** What to produce **
Retype, exactly as they appear below, the lines between the line holding "Thank you for" and the line holding "#amalficoastwedding #italianweddingphotographer #tuscanywe", both ends included.

** Input data **
§

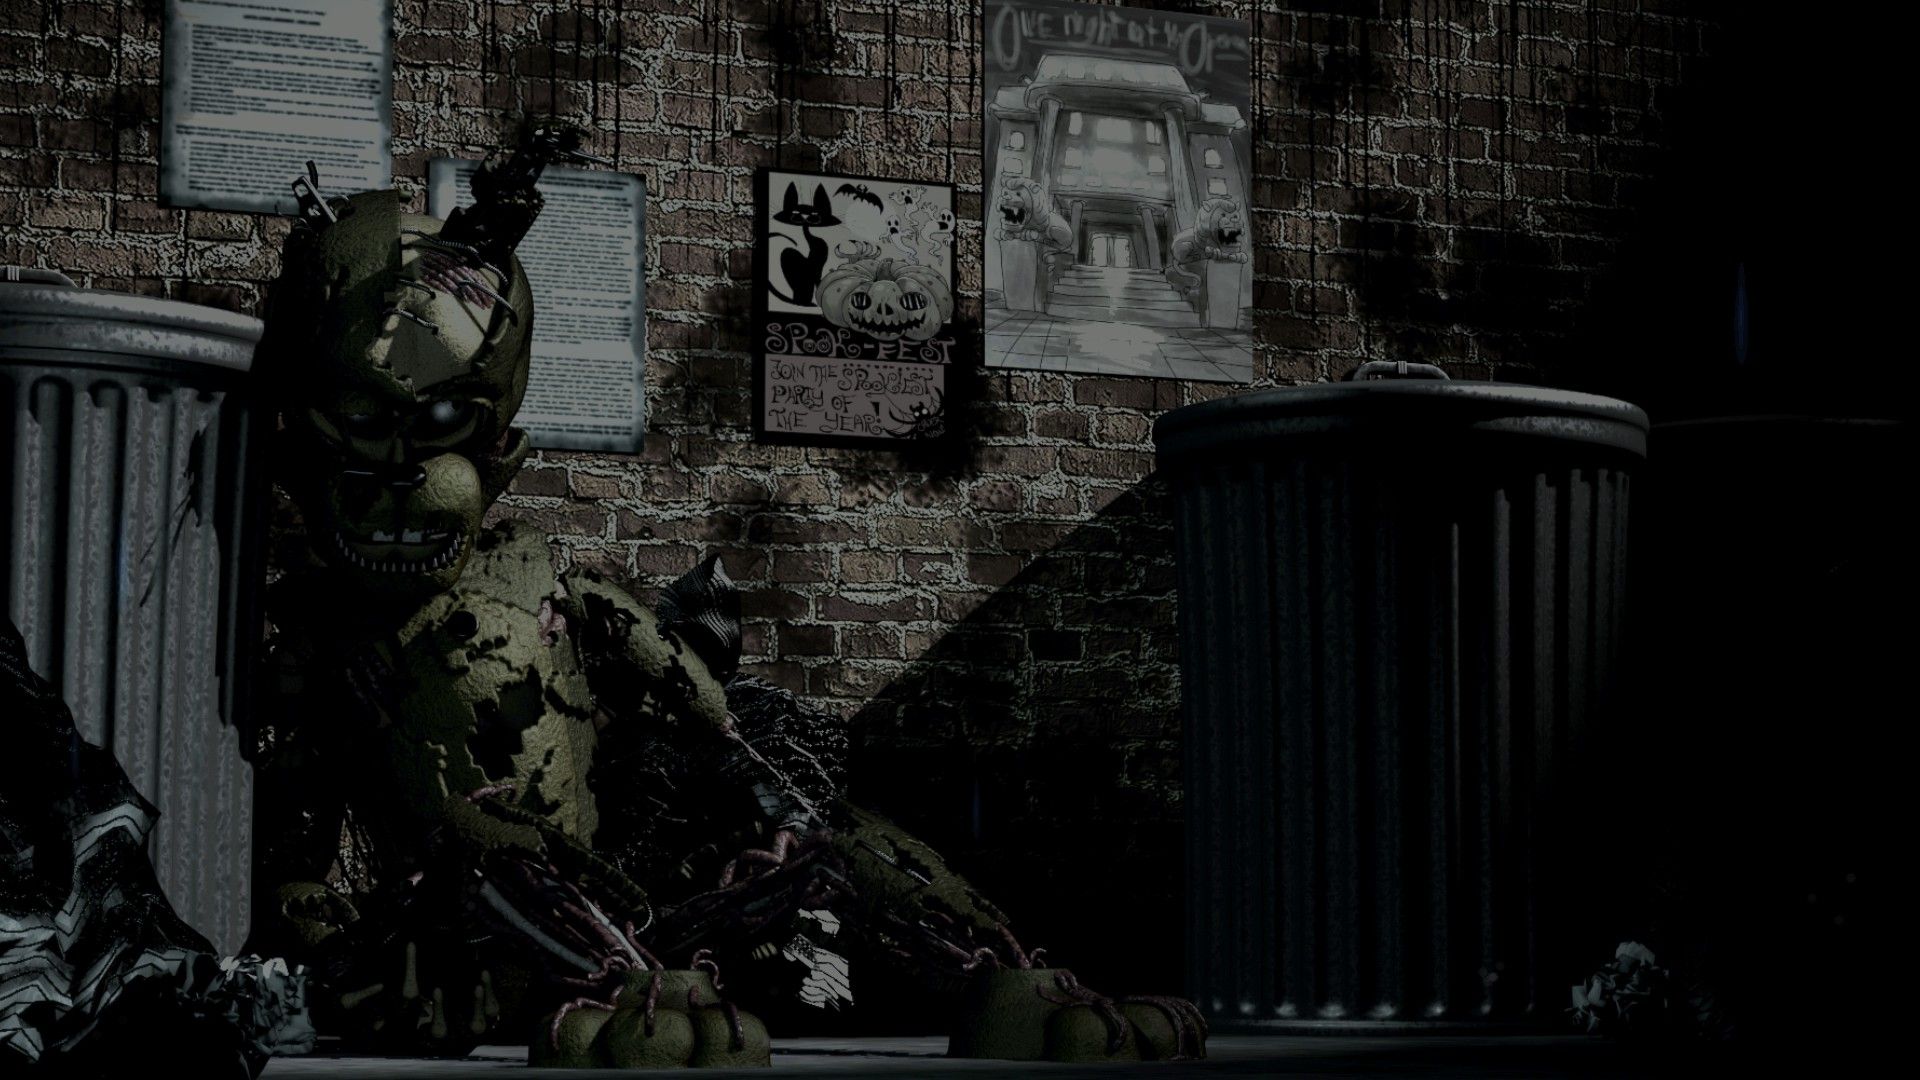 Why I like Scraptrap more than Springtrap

§

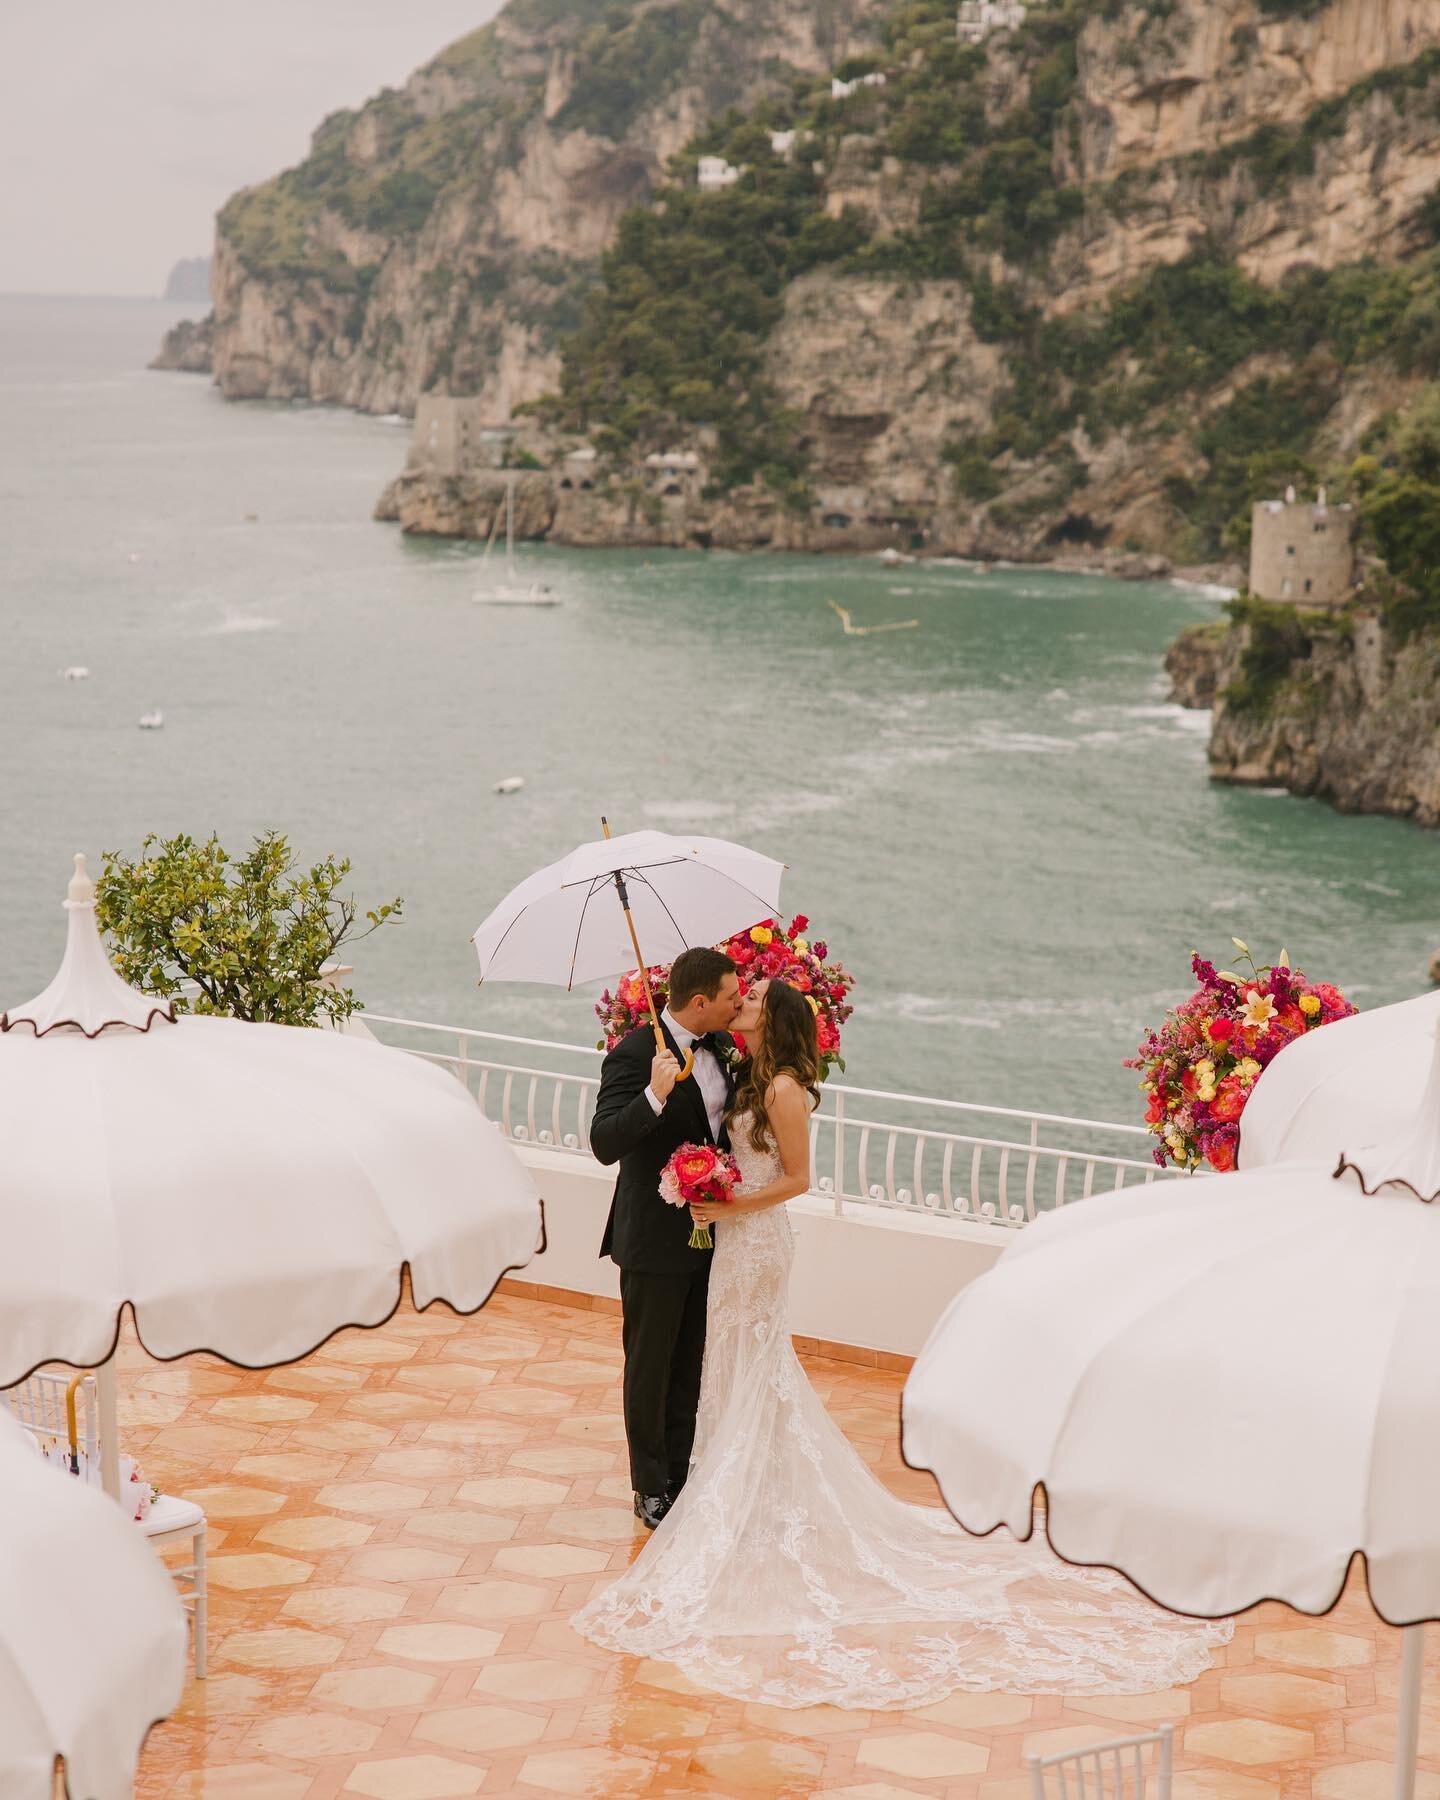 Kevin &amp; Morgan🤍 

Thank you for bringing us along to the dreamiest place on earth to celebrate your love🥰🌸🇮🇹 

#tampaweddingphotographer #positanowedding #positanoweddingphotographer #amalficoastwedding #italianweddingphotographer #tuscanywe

§

** Solution for this problem **
Thank you for bringing us along to the dreamiest place on earth to celebrate your love🥰🌸🇮🇹 

#tampaweddingphotographer #positanowedding #positanoweddingphotographer #amalficoastwedding #italianweddingphotographer #tuscanywe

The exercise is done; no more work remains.